The count Basil had been a month at Florence. In
that time he had contrived to place himself between
the duke's ear and all the avenues of favor, and had
approached as near, perhaps nearer, to the hearts of
the women of his court. A singular and instinctive
knowledge of the weaknesses of human nature, perfected
and concealed by conversance with the consummate
refinement of life at Paris, remarkable personal
beauty, and a quality of scornful bitterness for which
no one could divine a reason in a character and fate
else so happily mingled, but which at the same time
added to his fascination, had given Count Basil a command
over the varied stops of society, equalled by few
players on that difficult and capricious instrument.
His worldly ambition went swimmingly on, and the
same wind filled the sails of his lighter ventures as
well. The love of the marchesa del Marmore, as he
had very well anticipated, grew with his influence and
renown. A woman's pride, he perfectly knew, is difficult
to wake after she has once believed herself adored;
and, satisfied that the portrait taken on the lagoon, and
the introduction he had given her to the exclusive penetralia
of the Pitti, would hold her till his revenge was
complete, he left her love for him to find its own food
in his successes, and never approached her but to lay
to her heart more mordently the serpents of jealousy
and despair.

For the lady Geraldine the count Basil had conceived
a love, the deepest of which his nature was capable.
Long as he had known her, it was a passion
born in Italy, and while it partook of the qualities of
the clime, it had for its basis the habitual and well-founded
respect of a virtuous and sincere friendship.
At their first acquaintance at Paris, the lovely Englishwoman,
newly arrived from the purer moral atmosphere
of her own country, was moving in the dissolute,
but skilfully disguised society of the Faubourg
St. Germain, with the simple unconsciousness of the
pure in heart, innocent herself, and naturally unsuspicious
of others. The perfect frankness with which
she established an intimacy with the clever and accomplished
attaché, had soon satisfied that clear-sighted
person that there was no passion in her preference,
and, giddy with the thousand pleasures of that metropolis
of delight, he had readily sunk his first startled
admiration of her beauty in an affectionate and confiding
friendship.
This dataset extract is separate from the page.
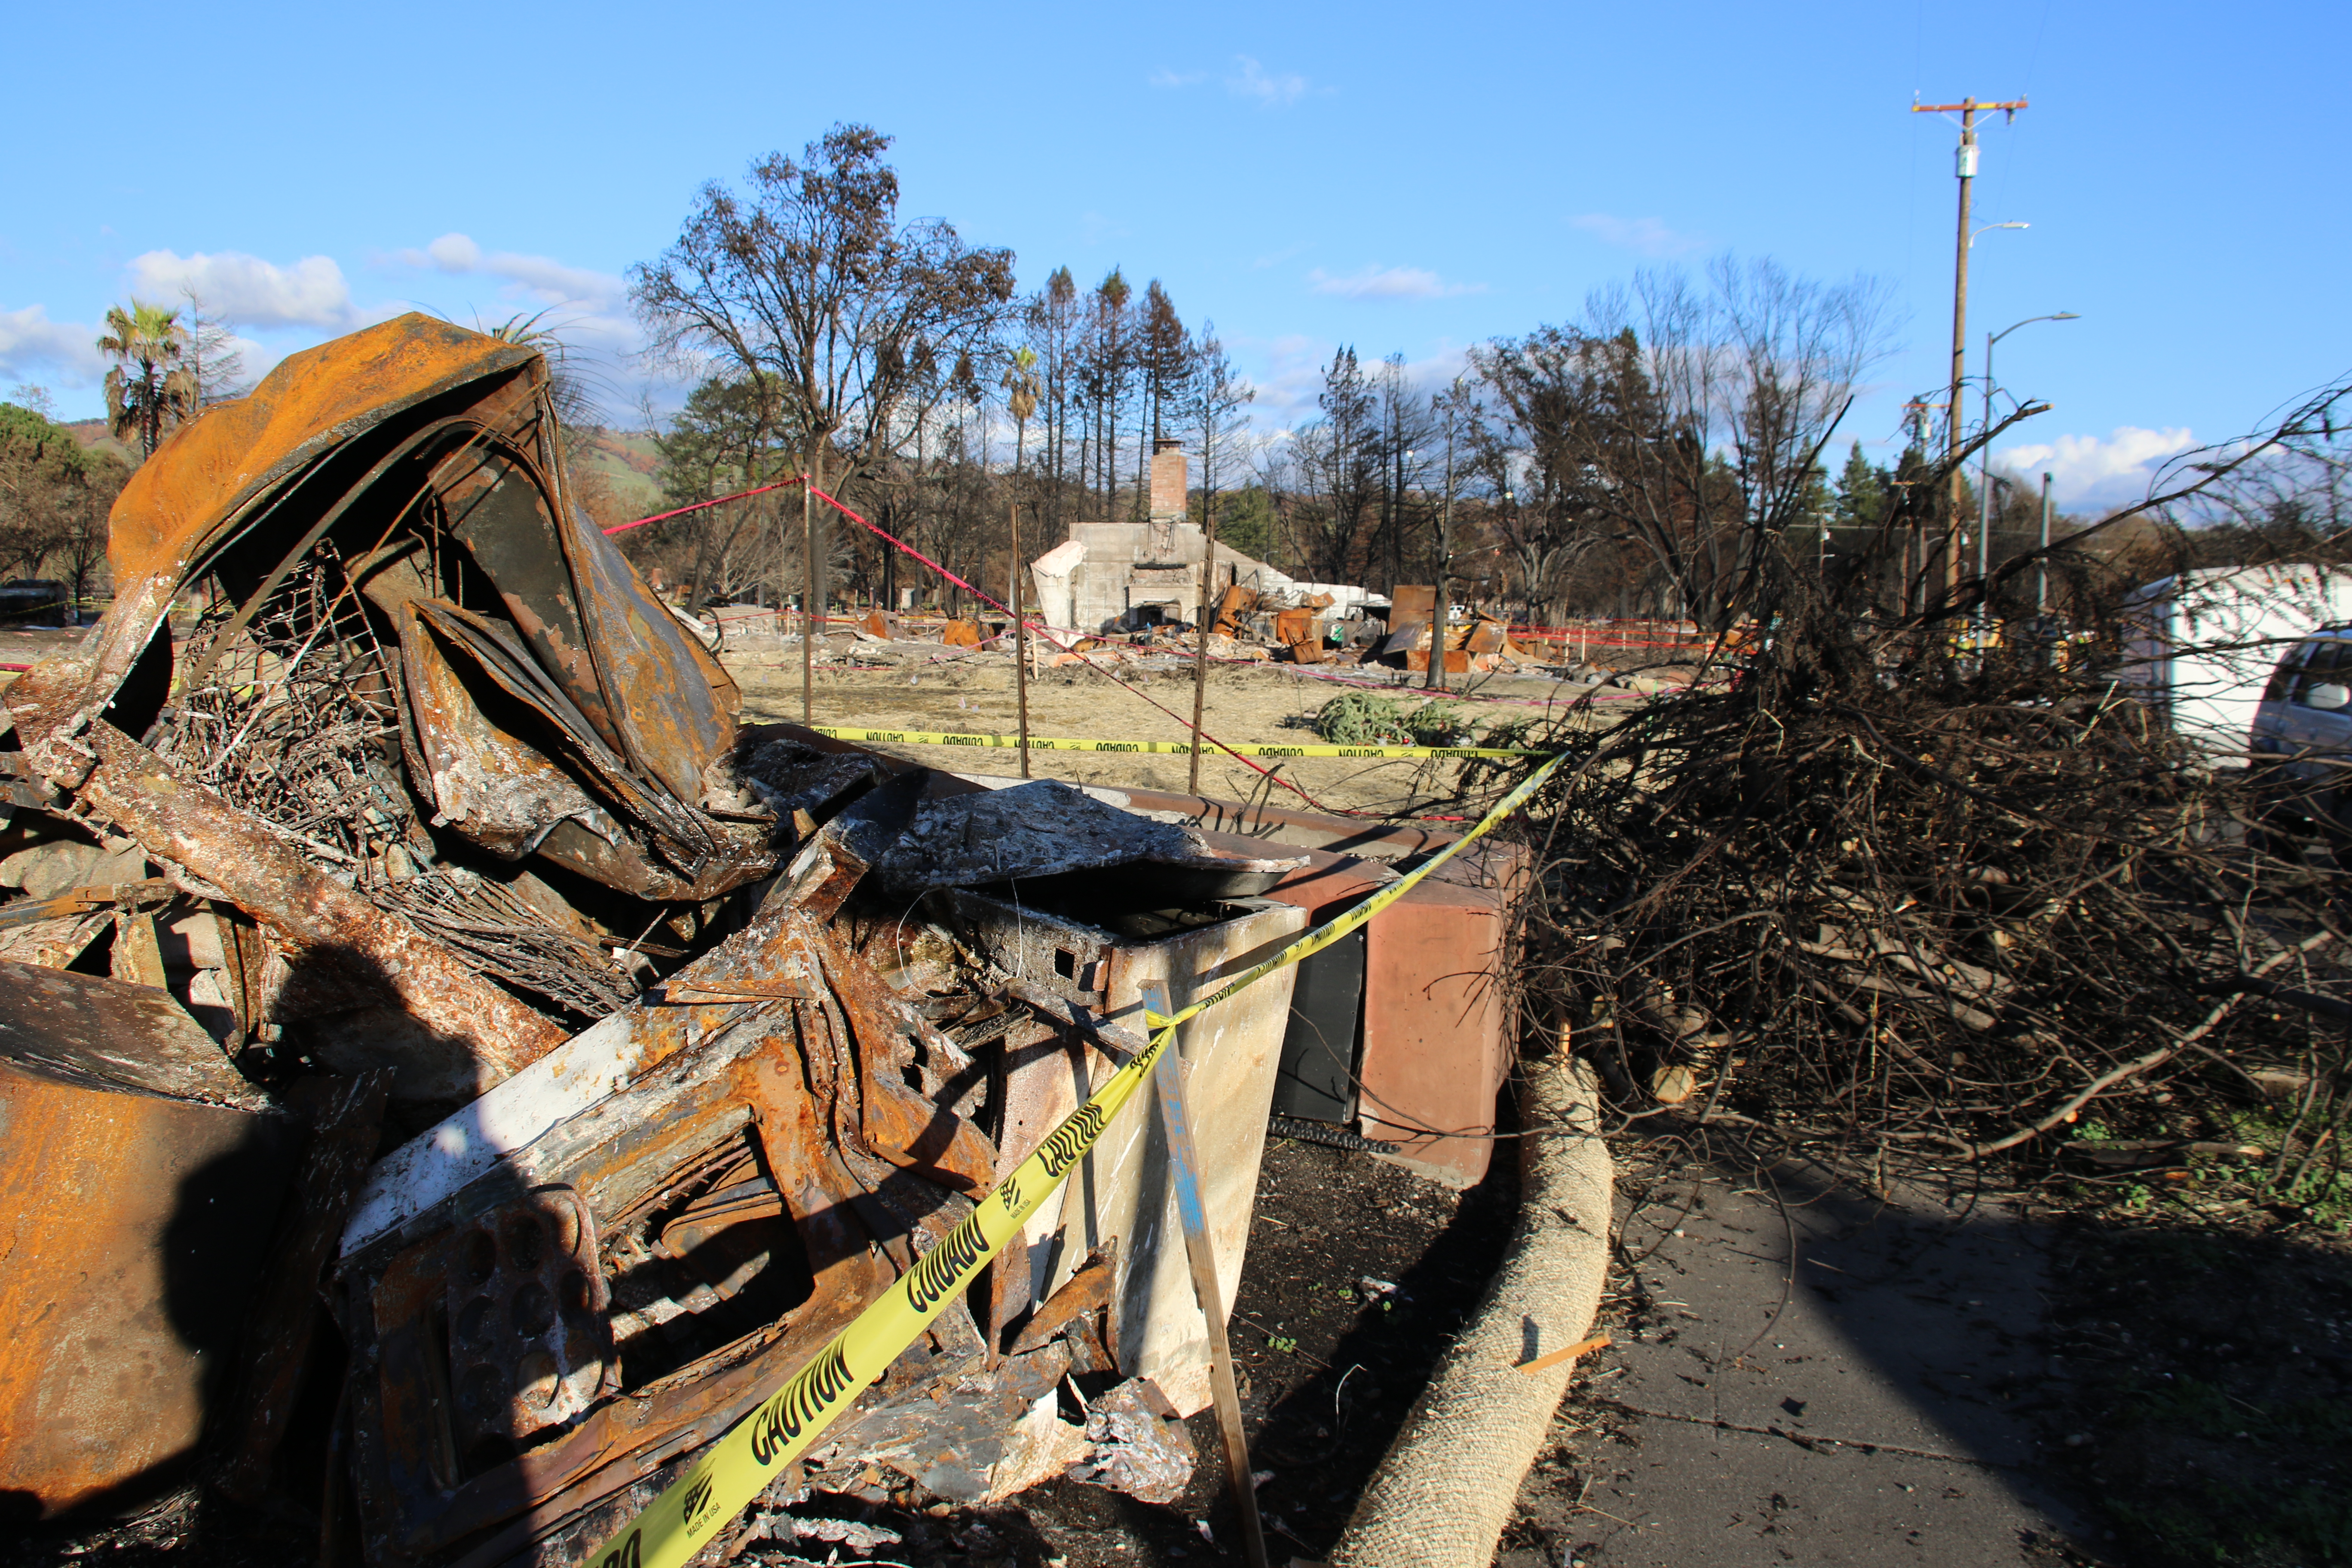 (38687921415).jpg SANTA ROSA, California - U.S. Army Corps of Engineers contractors continue to remove debris in Coffey Park neighborhood within Santa Rosa

He had thus shown her the better
qualities of his character only, and, charmed with his
wit and penetration, and something flattered, perhaps,
with the devotion of so acknowledged an autocrat of
fashion and talent, she had formed an attachment for
him that had all the earnestness of love without its
passion. They met at Florence, but the “knowledge
of good and evil” had by this time driven the lady
Geraldine from her Eden of unconsciousness. Still
as irreproachable in conduct, and perhaps as pure in
heart as before, an acquaintance with the forms of vice
had introduced into her manners those ostensible cautions
which, while they protect, suggest also what is
to be feared.

A change had taken place also in Count Basil. He
had left the vitreous and mercurial clime of France,
with its volatile and superficial occupations, for the
voluptuous and indolent air of Italy, and the study of
its impassioned deifications of beauty. That which
had before been in him an instinct of gay pleasure—a
pursuit which palled in the first moment of success,
and was second to his ambition or his vanity—had become,
in those two years of a painter's life, a thirst
both of the senses and the imagination, which had
usurped the very throne of his soul. Like the Hindoo
youth, who finds the gilded plaything of his childhood
elevated in his maturer years into a god, he bowed his
heart to what he held so lightly, and brought the
costly sacrifice of time and thought to its altars. He
had fed his eyes upon the divine glories of the pencil,
and upon the breathing wonders of love in marble, beneath
the sky and in the dissolving air in which they
rose to the hand of inspiration; and with his eye disciplined,
and his blood fused with taste and enthusiasm,
that idolatry of beauty, which had before seemed
sensual or unreal, kindled its first fires in his mind,
and his senses were intoxicated with the incense.
There is a kind of compromise in the effects of the
atmosphere and arts of Italy. If the intellect takes
a warmer hue in its study of the fair models of antiquity,
the senses in turn become more refined and
intellectual. In other latitudes and lands woman is
loved more coldly. After the brief reign of a passion
of instinct, she is happy if she can retain her empire
by habit, or the qualities of the heart. That divine
form, meant to assimilate her to the angels, has never
been recognised by the dull eye that should have
seen in it a type of her soul. To the love of the painter
or the statuary, or to his who has made himself conversant
with their models, is added the imperishable
enthusiasm of a captivating and exalted study. The
mistress of his heart is the mistress of his mind. She
is the breathing realization of that secret ideal which
exists in every mind, but which, in men ignorant of the
fine arts, takes another form, and becomes a woman's
rival and usurper. She is like nothing in ambition—
she is like nothing in science or business—nothing in
out-of-door pleasures. If politics, or the chase, or the
acquisition of wealth, is the form of this ruling passion,
she is unassociated with that which is nearest his heart,
and he returns to her with an exhausted interest and a
flagging fancy. It is her strongest tie upon his affection,
even, that she is his refuge when unfit for that
which occupies him most—in his fatigue, his disappointment,
his vacuity of head and heart. He thinks
of her only as she receives him in his most worthless
hours; and, as his refreshed intellects awake, she is
forgotten with the first thought of his favorite theme—
for what has a woman's loveliness to do with that?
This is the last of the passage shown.